-- Given material follows --

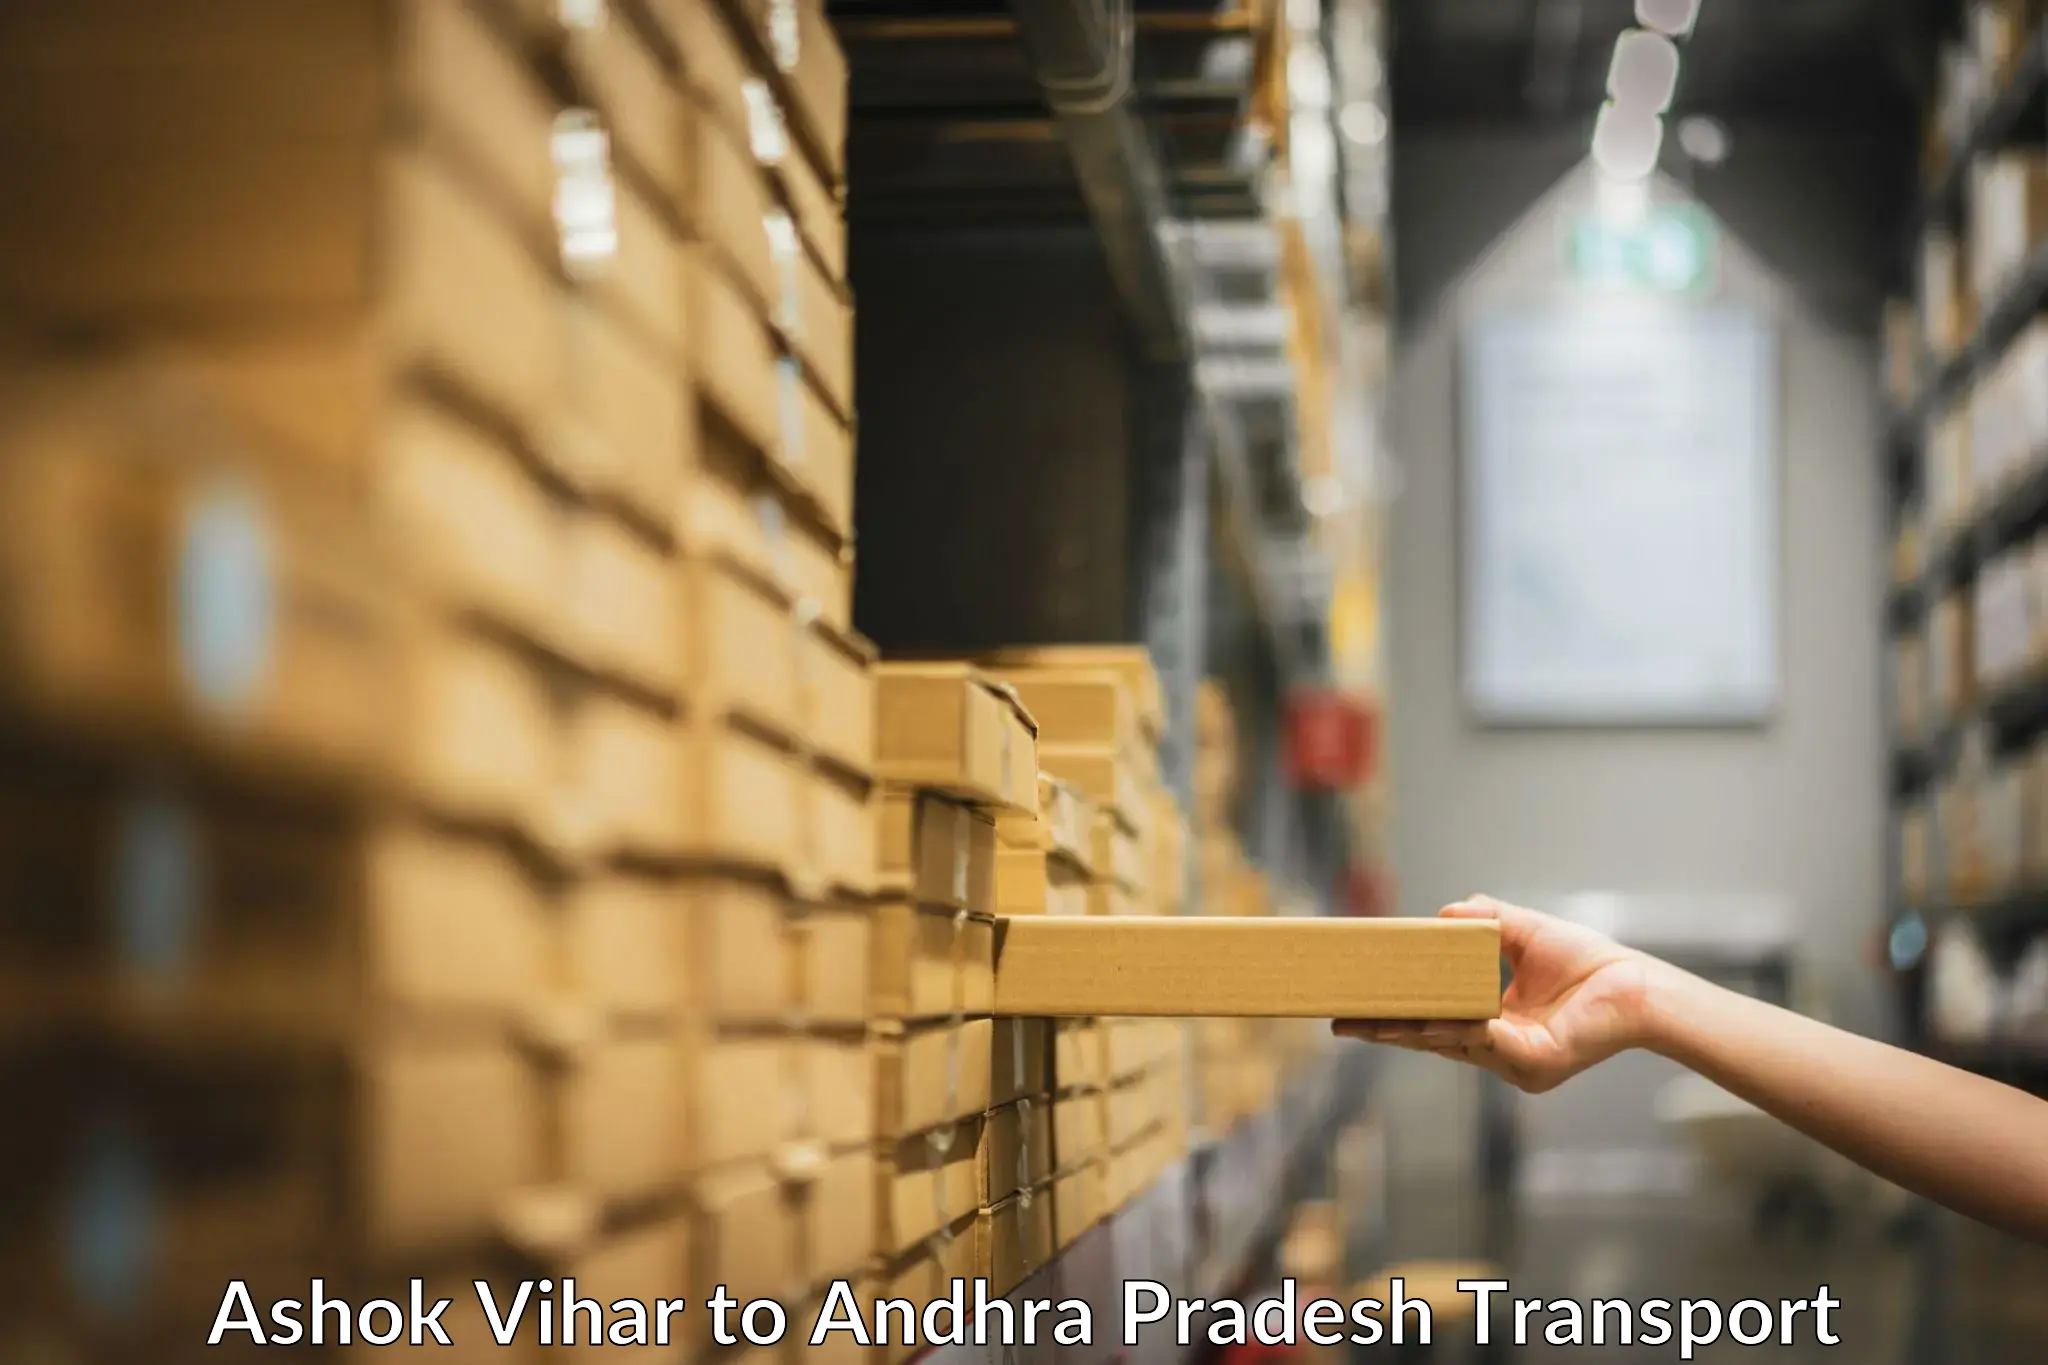 Intercity transport Ashok Vihar to Puttur Tirupati
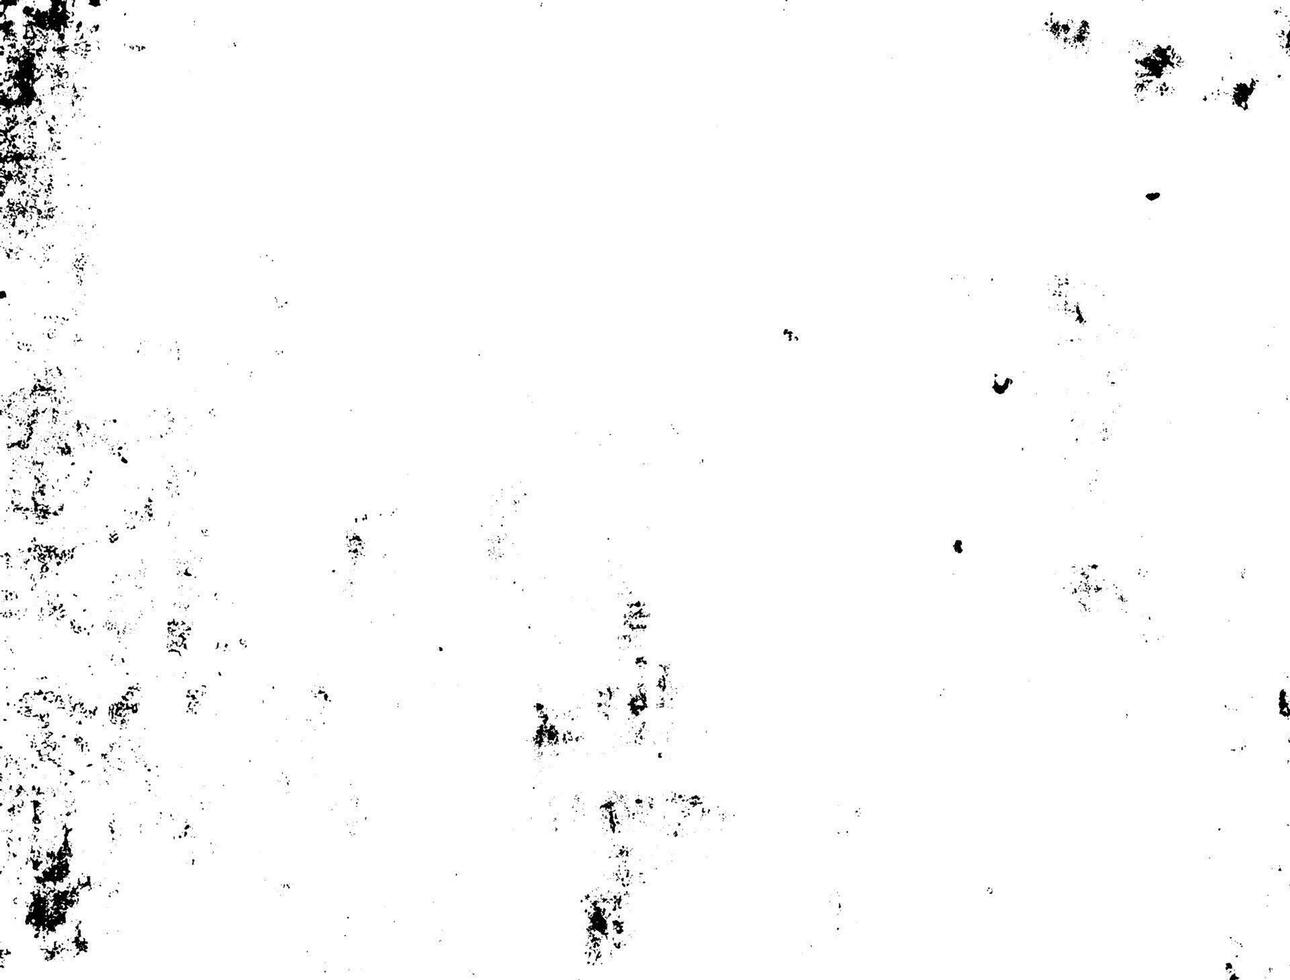 nero e bianca grunge urbano struttura vettore con copia spazio. astratto illustrazione superficie polvere e ruvido sporco parete sfondo con vuoto modello. angoscia o sporco e grunge effetto concetto - vettore
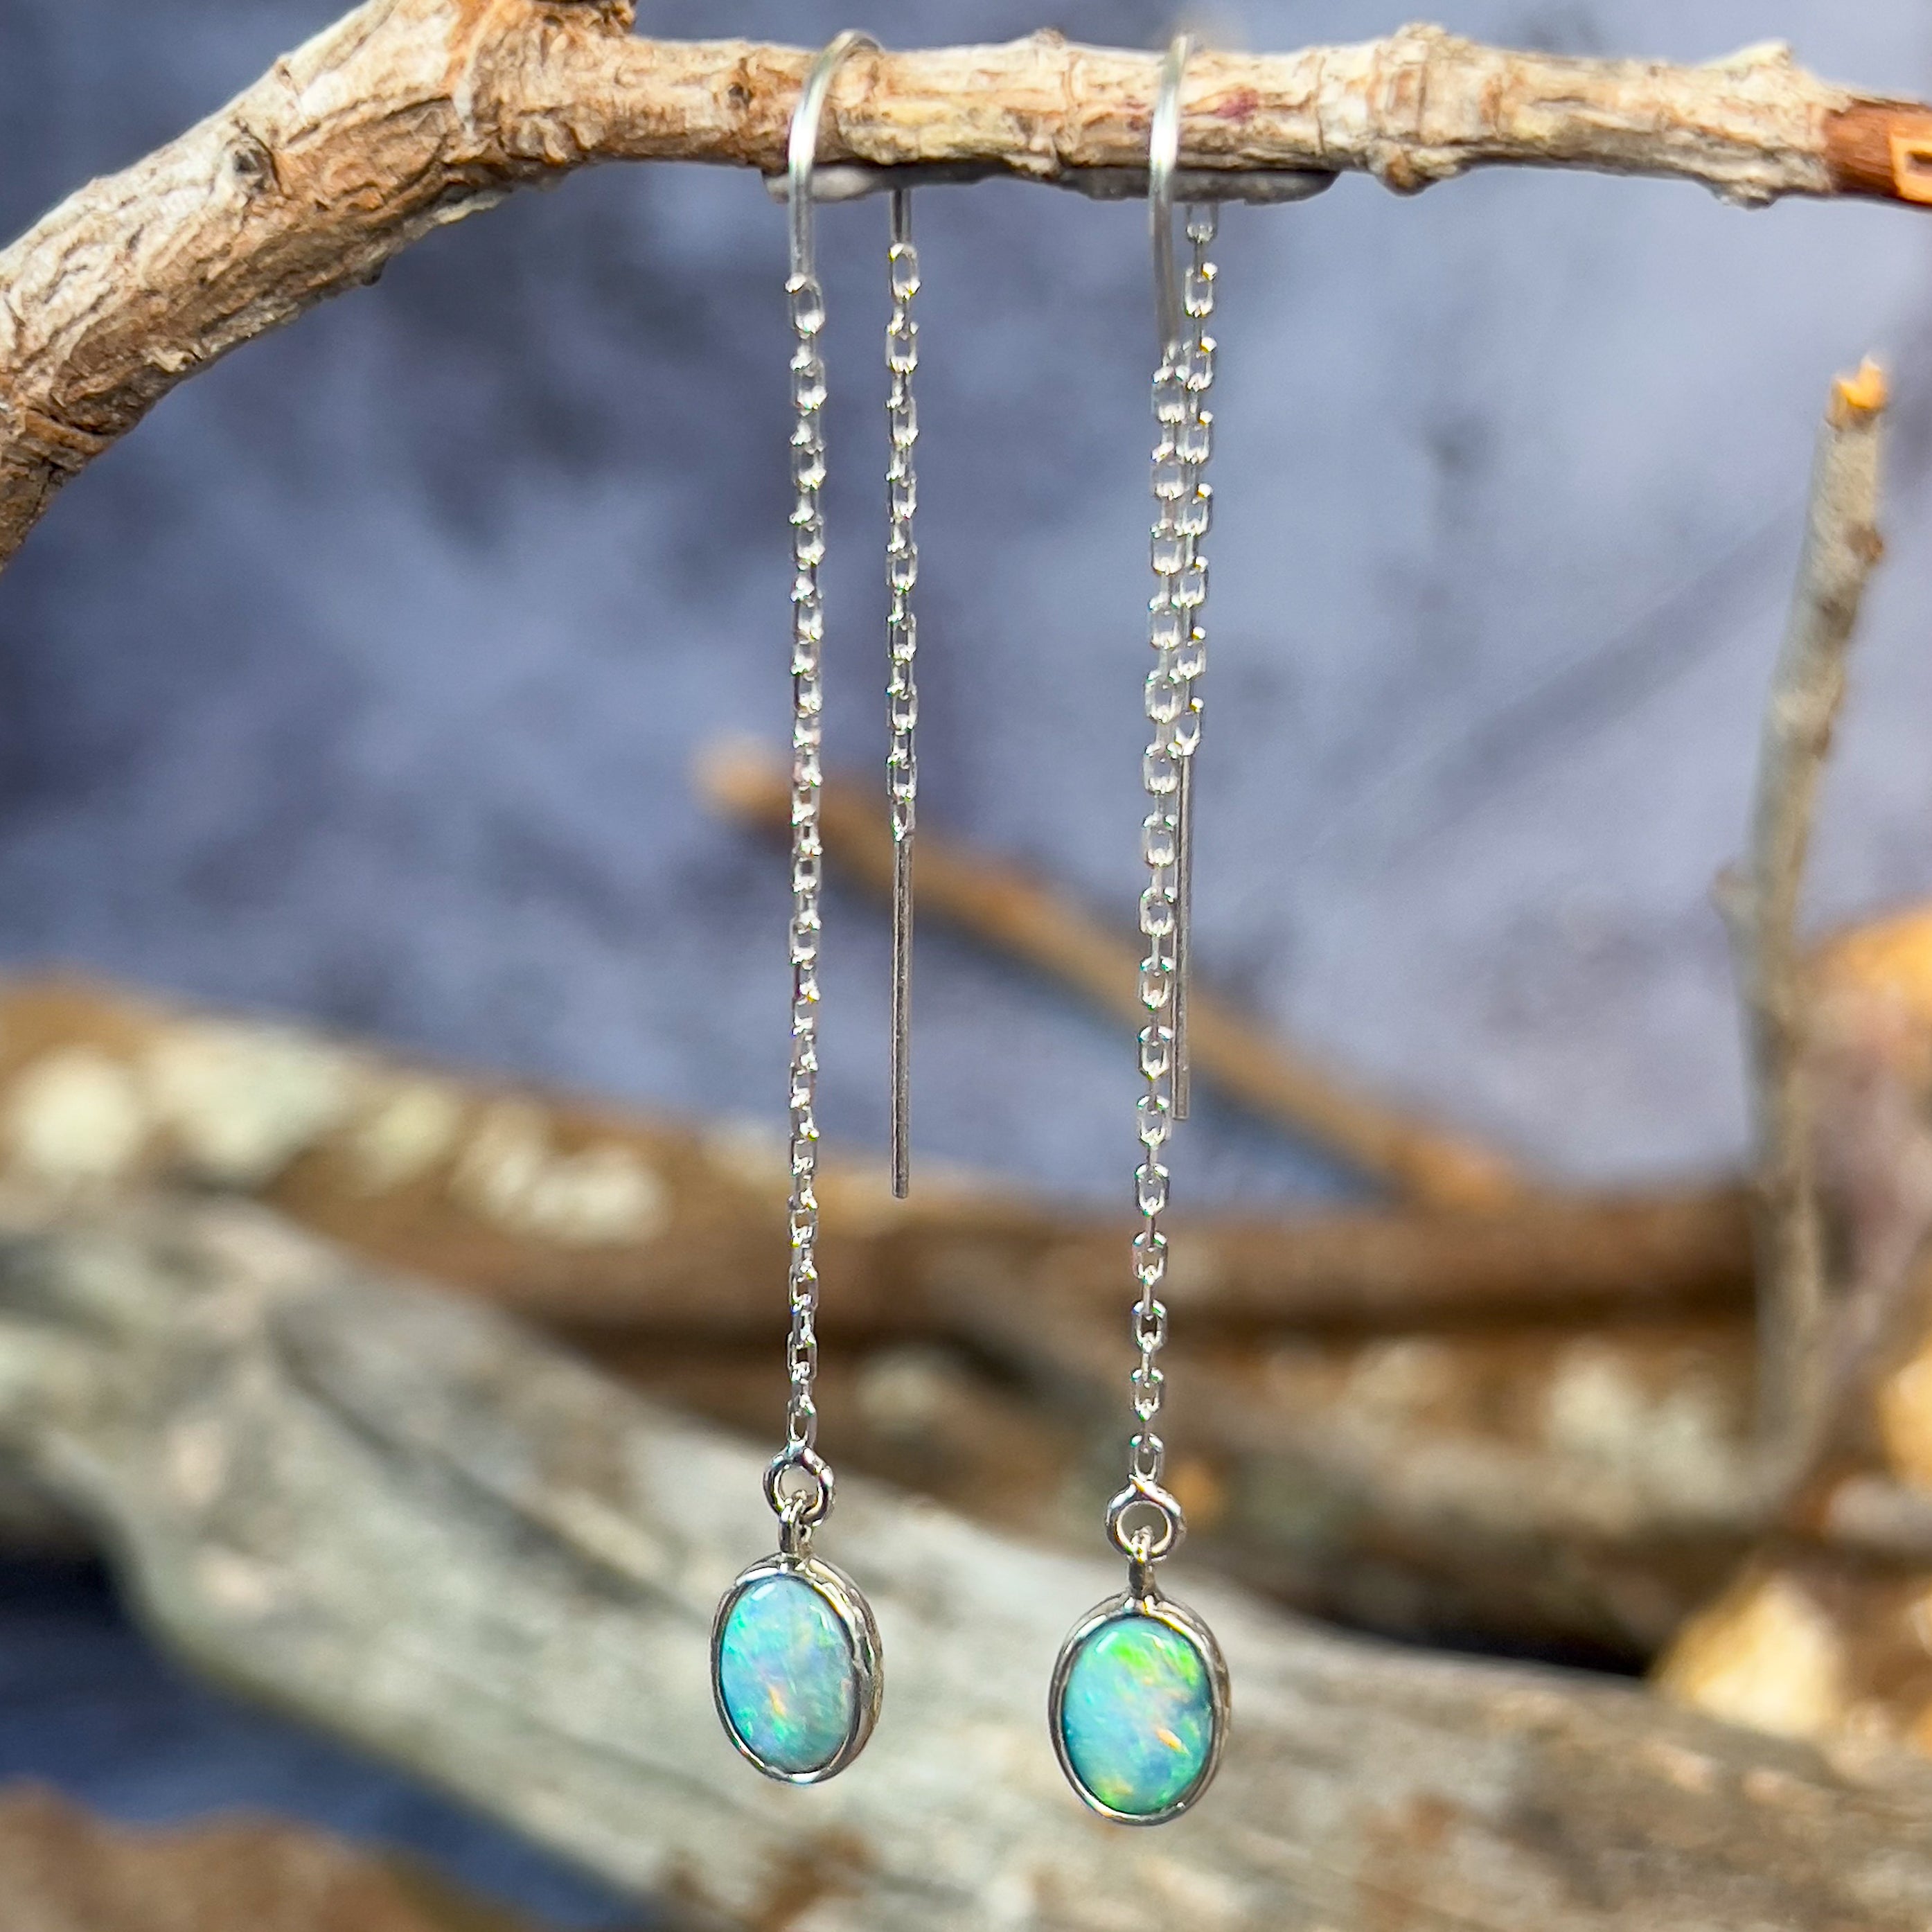 Sterling Silver thread through Opal dangling earrings - Masterpiece Jewellery Opal & Gems Sydney Australia | Online Shop

-- Given material concluded --

Activity → The copy runs from the line containing "nero e bianca" through the last line of the material, both ends included. Reproduce those lines exactly and drop the pictures.

Result for this exercise →
 nero e bianca grunge urbano struttura vettore con copia spazio. astratto illustrazione superficie polvere e ruvido sporco parete sfondo con vuoto modello. angoscia o sporco e grunge effetto concetto - vettore
 Sterling Silver thread through Opal dangling earrings - Masterpiece Jewellery Opal & Gems Sydney Australia | Online Shop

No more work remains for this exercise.